Figure 1.

Most RNA mutations due to off-target base editing are nonspecific. (A) Engineered guided deaminases may target efficiently some off-target locations (marked with arrows). These strongly edited sites result in a DNA-RNA mismatch seen in a large fraction of RNA molecules, resembling the mismatch profile observed at genomic polymorphism and clonally selected somatic mutation sites. In parallel, nonspecific off-target base editing activity affects multiple additional sites but a small fraction of RNA molecules per site. However, due to their large number, the total number of nonspecific events could surpass that of specific editing sites, as illustrated in the figure. Hyperedited reads, where multiple mismatches are seen in the same read (right panel, top read), occasionally appear.
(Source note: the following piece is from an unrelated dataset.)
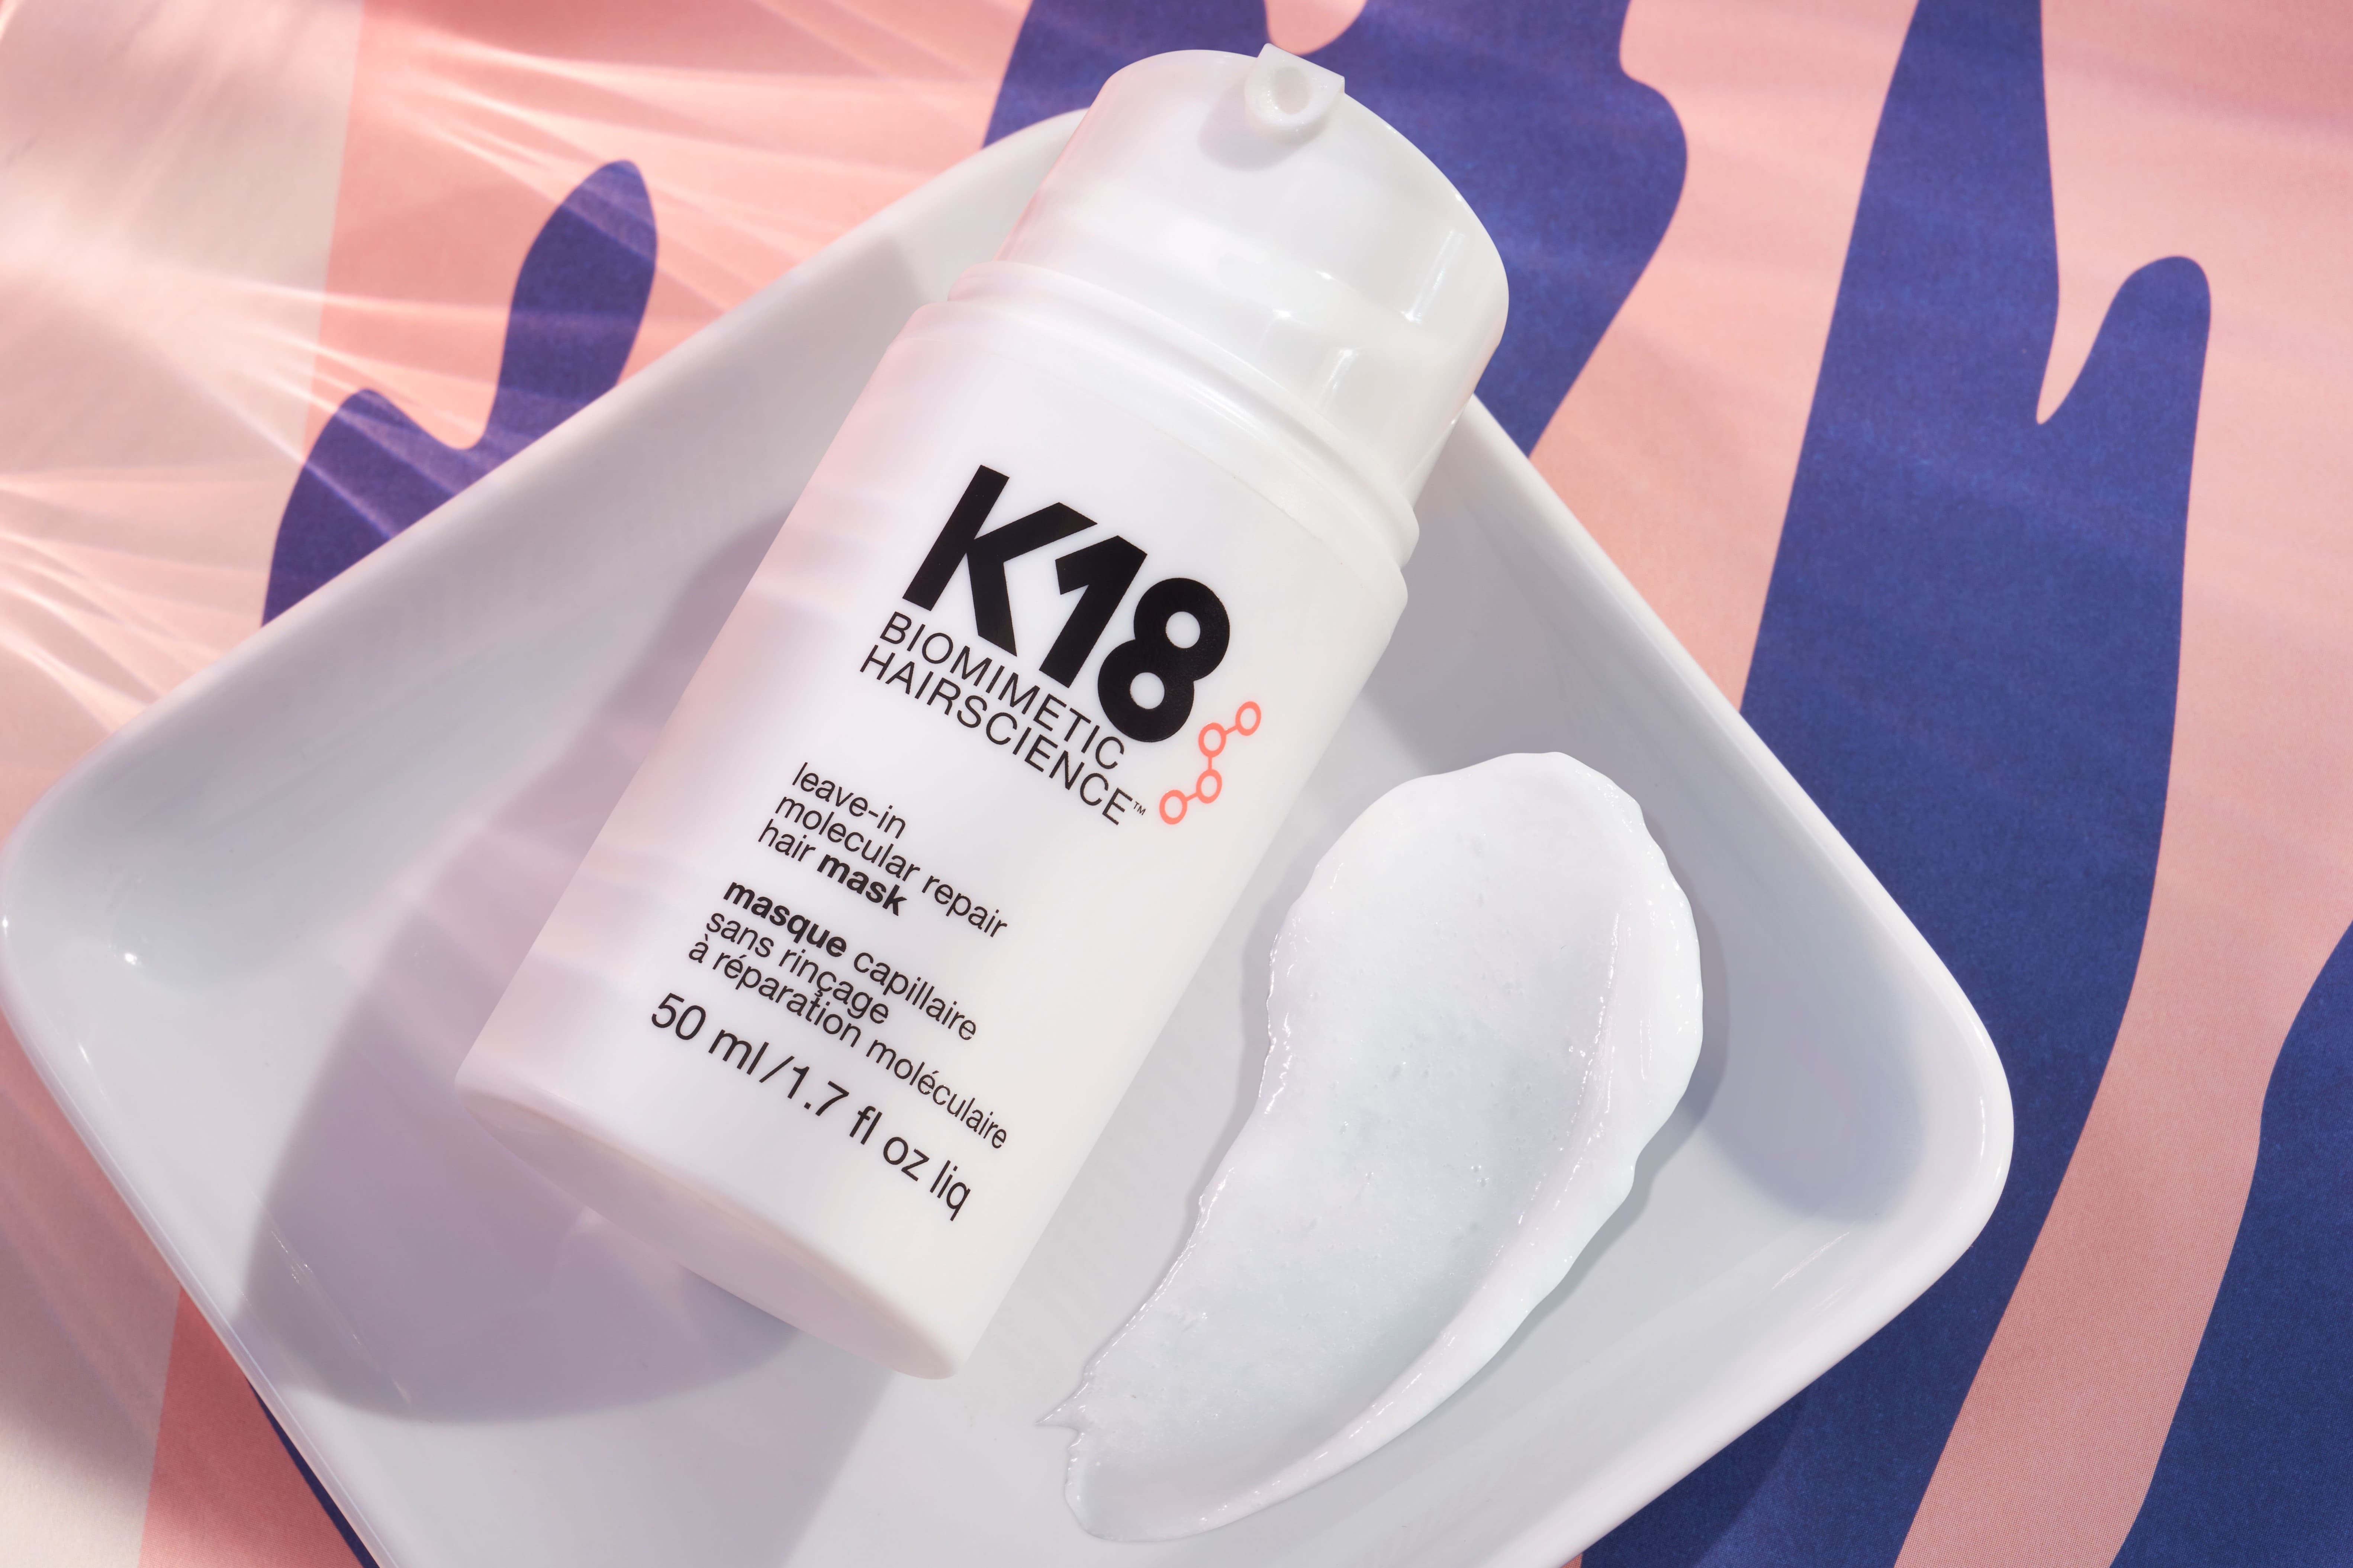 K18 Hair Mask Review | Space NK

They provide a strong indication of off-target activity but account for a small minority of mismatches. (B) Relative contribution of editing sites to the editing index, by their observed editing rates, for two engineered base editors. Most off-target activity occurs at weakly edited sites in agreement with the scenario depicted in panel A. Pie area is proportional to the number of detected off-target events. Four base editors from Study H are shown (two cytidine deaminases: BE3, BE3 [hA3AY130F]−site 3; two adenine base editors: ABE7.10 and ABE7.10 [F148A]−site 1). See Supplemental Figure S1 for similar data for all enzymes.